The whole thing got me thinking about safety. On TV last night, there was this news about a first grader who was hit by a truck while crossing the street on the way home from school. It couldn't have been the truck driver's fault entirely, but then who else gets the blame in cases like this? The victim? The parents? The community at large?

The kid on the bike sure needed discipline. I told the school authorities that much over the phone. I don't even think gradeschool kids are allowed to ride their bikes to school, especially if school is right downtown, I added. The principal promised she'll take the matter up during the first PTA meeting this week. They're too loaded to be expected to look after the kids, she said, but she'll do the best she could.

I am not totally reassured, and I am thinking: isn't it too much of a confidence on the part of the parents to allow their kids that much freedom? Sure, we can't tail our kids all the time but we can caution them against using the highway as a playground. Biking on parks and on out-of-the-way streets is okay, but on the highway, along with trucks and cars and tricycles and motor bikes?

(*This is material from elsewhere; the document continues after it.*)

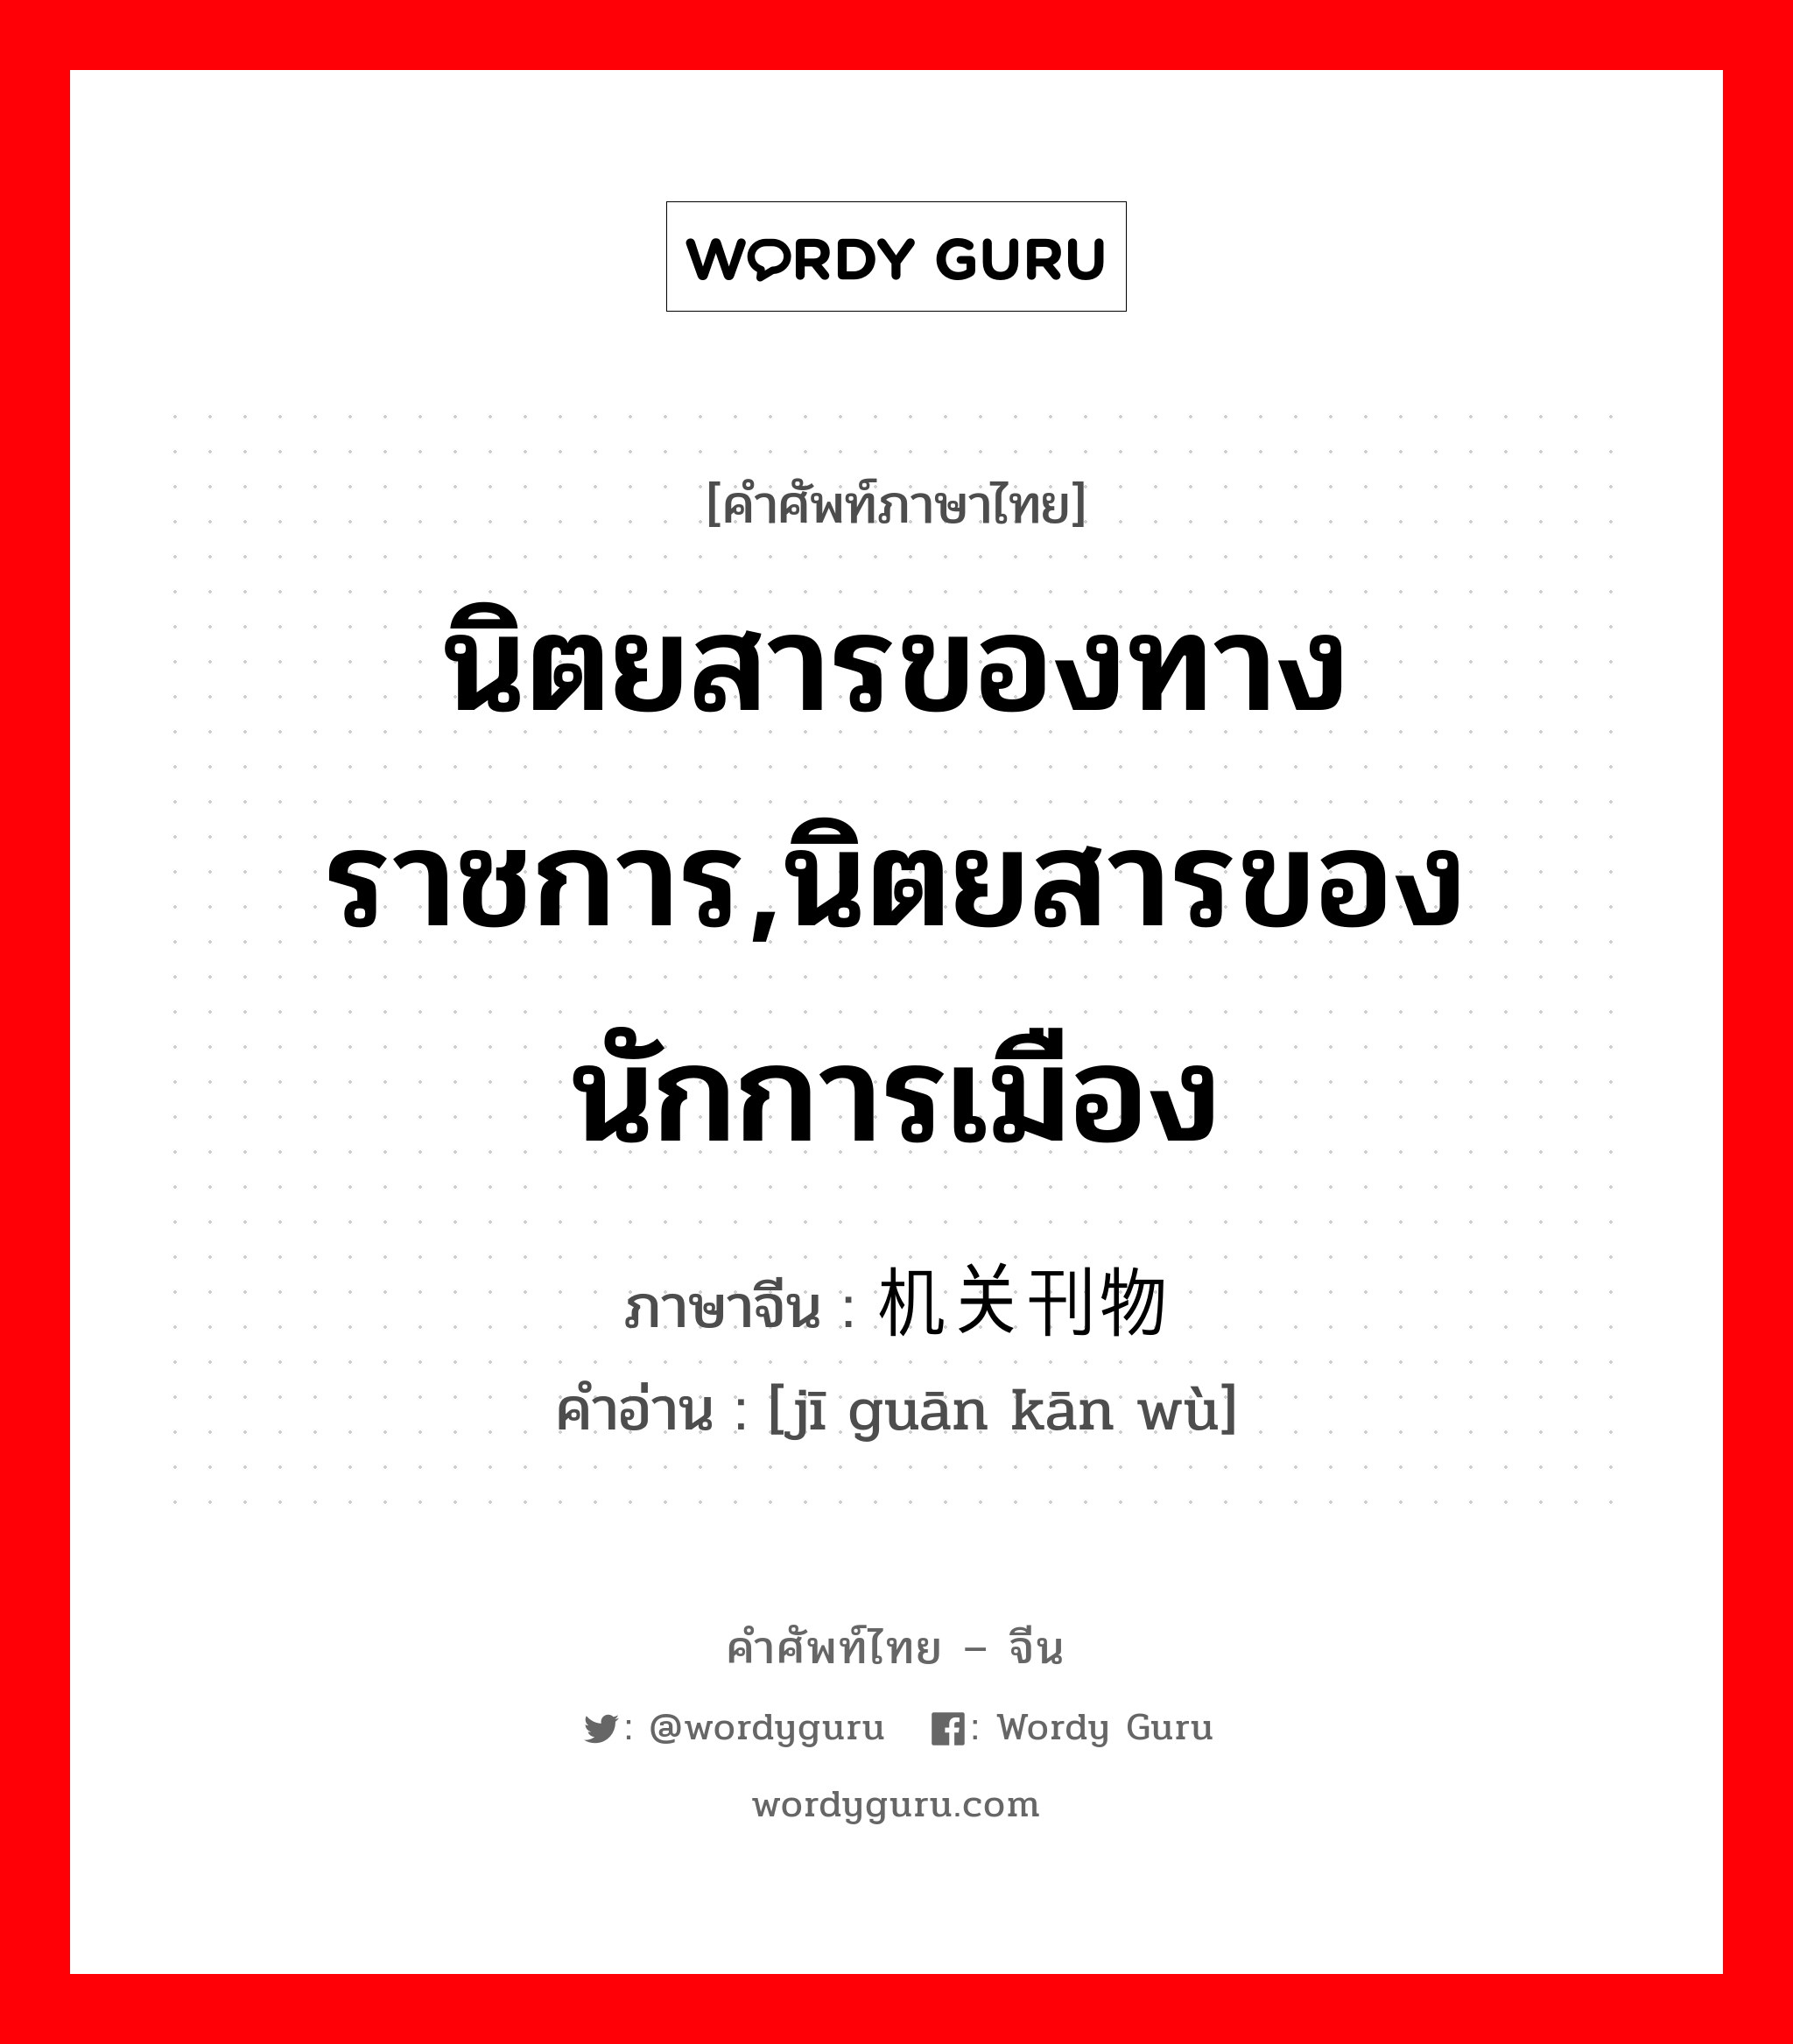 นิตยสารของทางราชการ,นิตยสารของนักการเมือง ภาษาจีนคืออะไร, คำศัพท์ภาษาไทย - จีน นิตยสารของทางราชการ,นิตยสารของนักการเมือง ภาษาจีน 机关刊物 คำอ่าน [jī guān kān wù]

Kids are kids, and they do tend to forget safety when they are having fun. A year or so ago, a gradeschooler fell off his bike and was ran over by a truck. He and a cousin were jostling each other on their bikes, unmindful of the passing vehicles. Three months ago, an eleven-year-old was hit by a car on the highway. He fled the confines of his subdivision to hunt for spiders on the other side of the road.

Stories such as these, especially when they happen close to home, give me the scare. I look at my daughter and I wonder if I'll ever get past my fear of letting her out into the street by herself. I will have to eventually but I know that I will have to fight the urge to get her all the protective gear in the universe--spells and mantras included.